Starbucks is another. They have successfully motivated so much user content that is unmanageable. Last year a potential bombshell dropped because in one section of the news, they were reporting that Starbucks was asking employees worldwide to take pay cuts because of the state of the economy plus to help the company. In contrast, in another section, it was reported that Starbucks execs had received record payouts and bonuses. Starbucks had to do little damage control. The sheer volume of user-generated content posted on their behalf every day worldwide quickly buried the story with mountains of content.
Great Post Op!
I 100% agree with the thesis of this post.
A lot of people confuse fans with followers the same way marketers confuse website traffic with traction.
At the end of the day, whatever metric you use must lead to some sort of conversion.
Fans are more likely to become emotionally invested in what you're doing.
This doesn't just translate to a growing number of sales as your fan base expands, it goes much deeper than that.
Because when you have dedicated fans, they're more likely to spread the word about your brand.
That's right, they can become brand evangelists.
This is why it's really important to make fans know that you care about them.
And a lot of this has to deal with a sense of belonging.
You know you have a fan when they use special terms for the things that you do.
Now, of course, you may not be doing anything all that different from your competitors, but if you put a catchy name or a term for thing for things you do or processes that you have or product features, these are mental "differentiators" your fans can hang on to and make themselves look good in front of their friends or their influence circle because they know these terms.
It makes them stand out.
But in reality, you've just put a label on a feature, system, product or service that your competitors are already doing and not making a big deal about.

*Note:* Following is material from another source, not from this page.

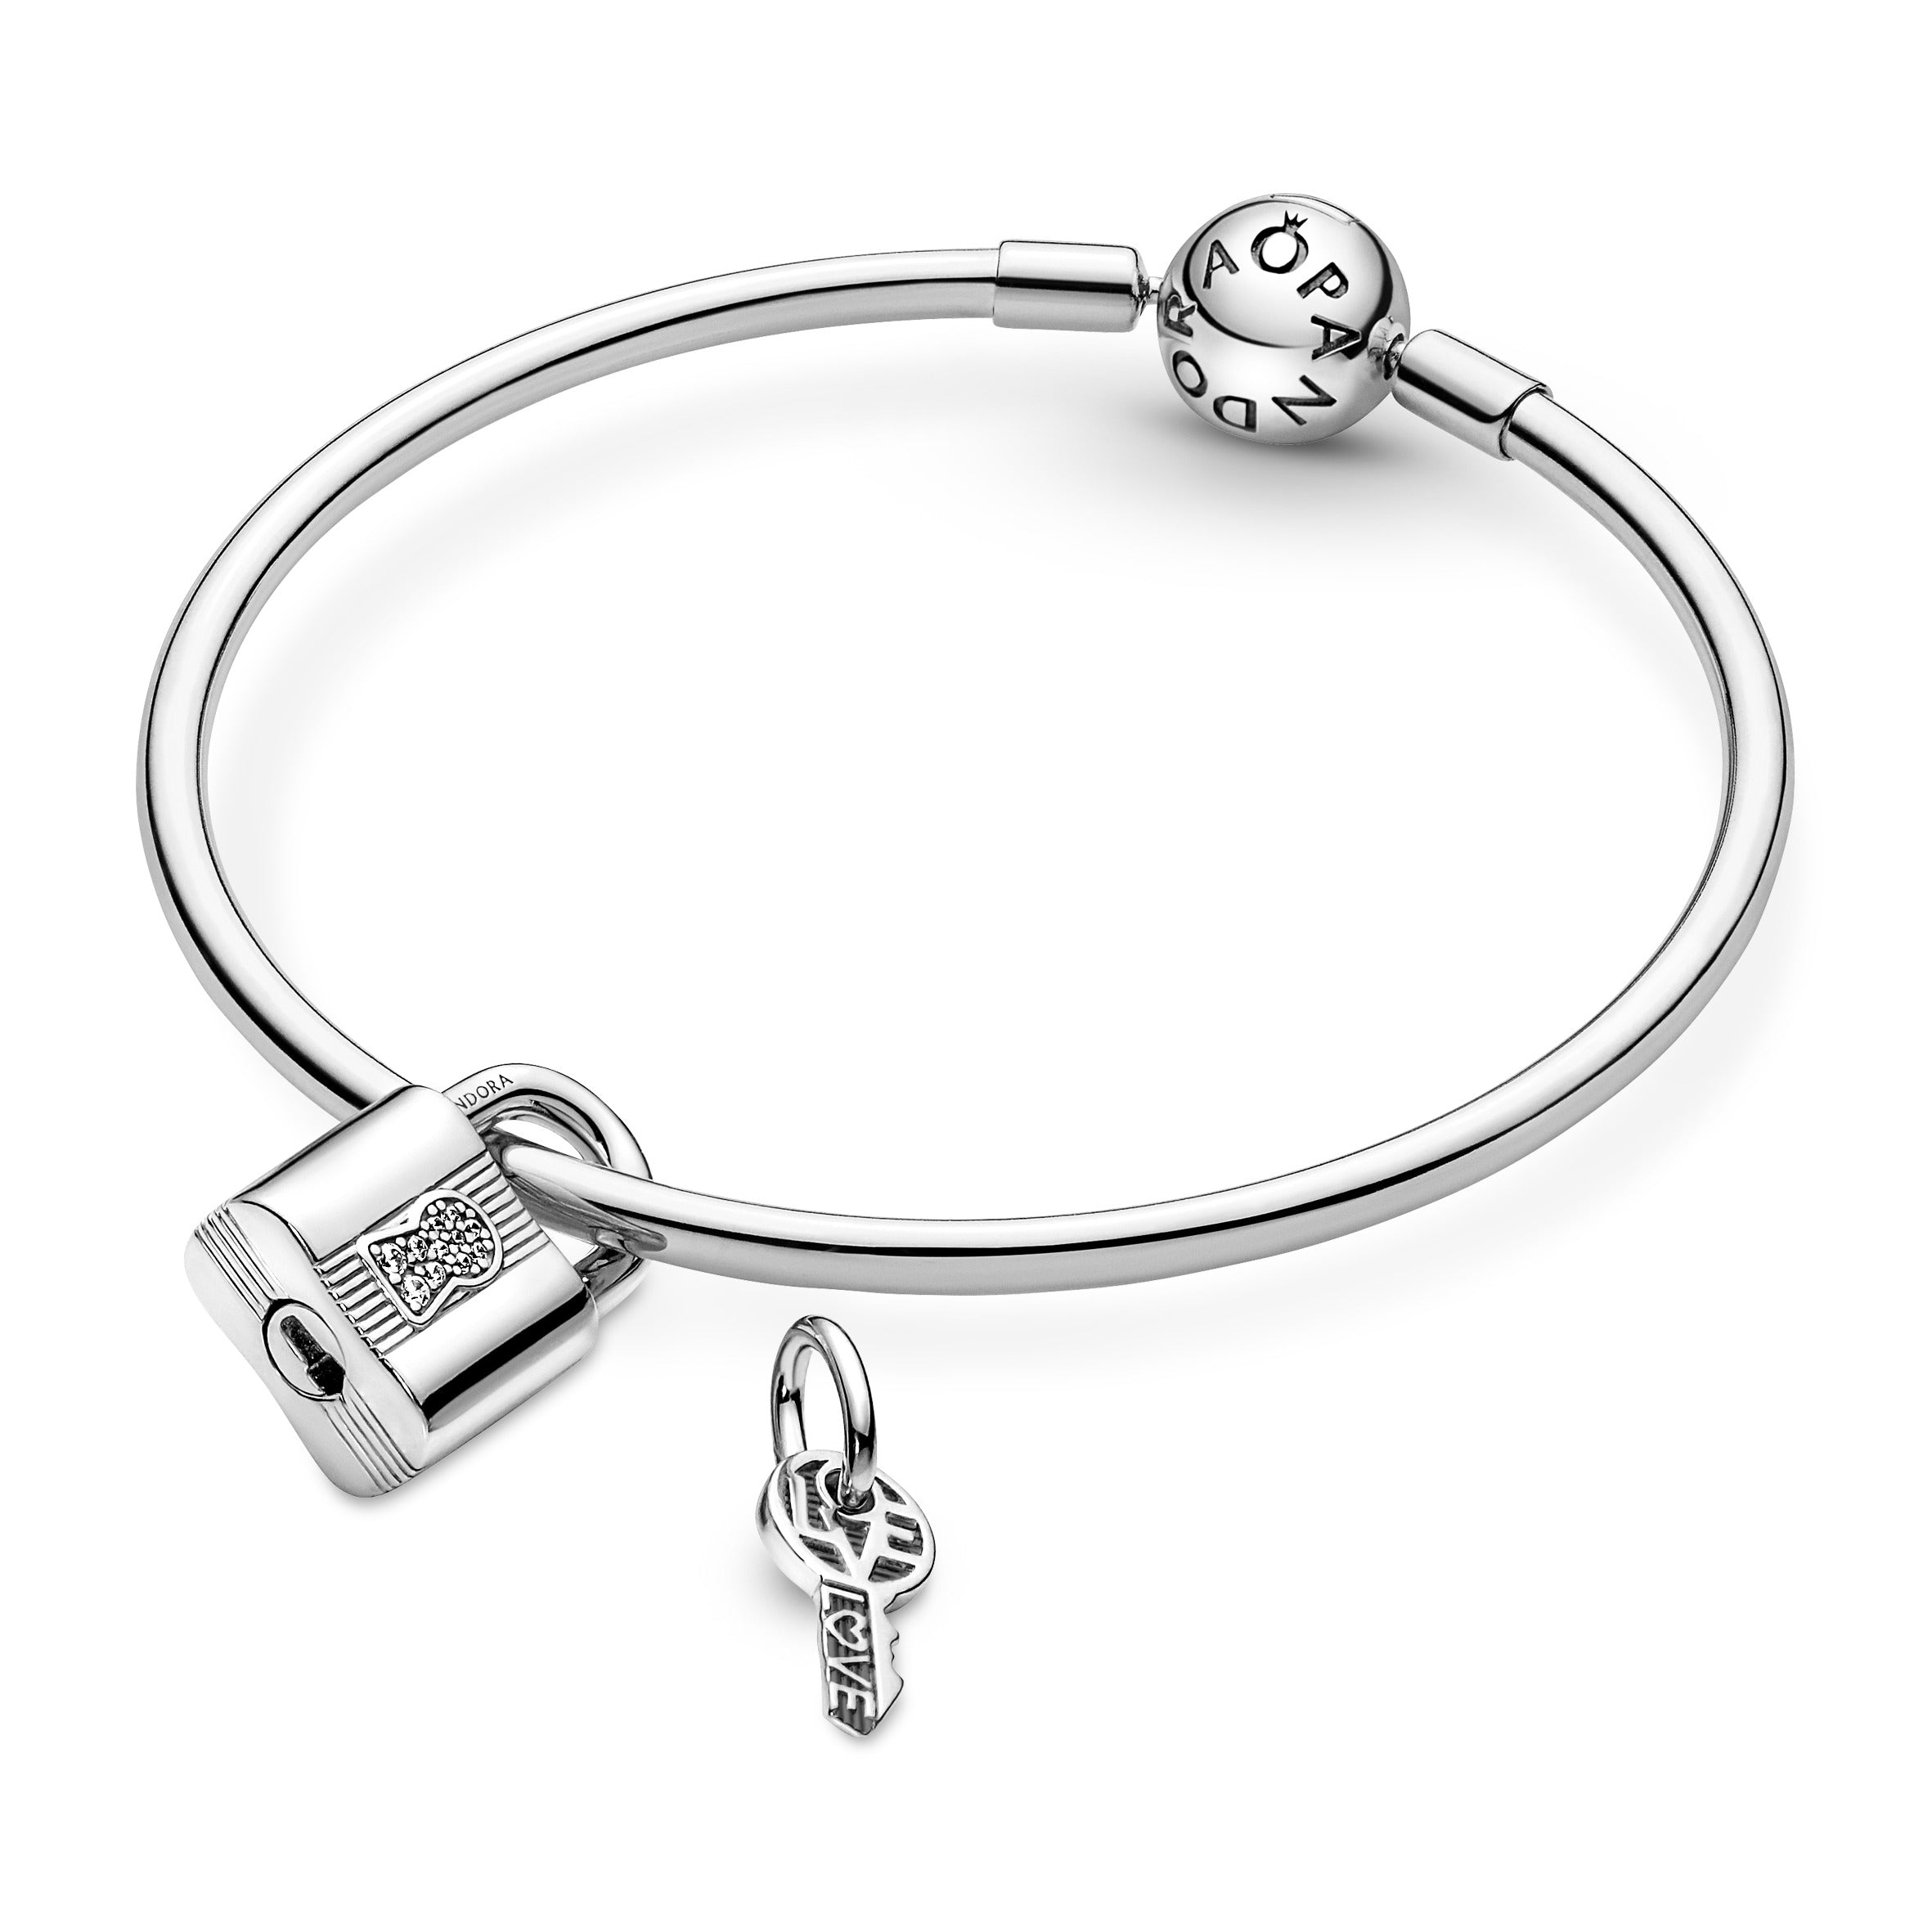 NEW 100% Authentic PANDORA 925 Padlock and Key Charm Bracelet Gift Set  B801720 | eBay

You also have to focus on building a mailing list that cultivates a sense of purpose for fans.
Basically, you have to let them know that they're not just fans for no good reason or they're just fans because they liked the product.
There must be something more.
And this is where speaking in terms of your value statements go a long way.
I look at this really as a form of mass hypnosis.
Because we live in a weird juncture in history where technology has made us the most connected generation ever while at the same time, people are feeling more lonely than ever.
So you can use this reality to make your brand stand out.
That by being a fan, they're part of something bigger than themselves and that their values are reflected in your values.
If any of this sounds familiar, it should.
A lot of this was inspired by Steven Jobs' cultivation of the Cult of Macintosh.
It is precisely that cult following, made up of emotionally-invested fans, that transformed Apple from an also-ran in the computer hardware wars of the late 80s into the powerhouse that it is today.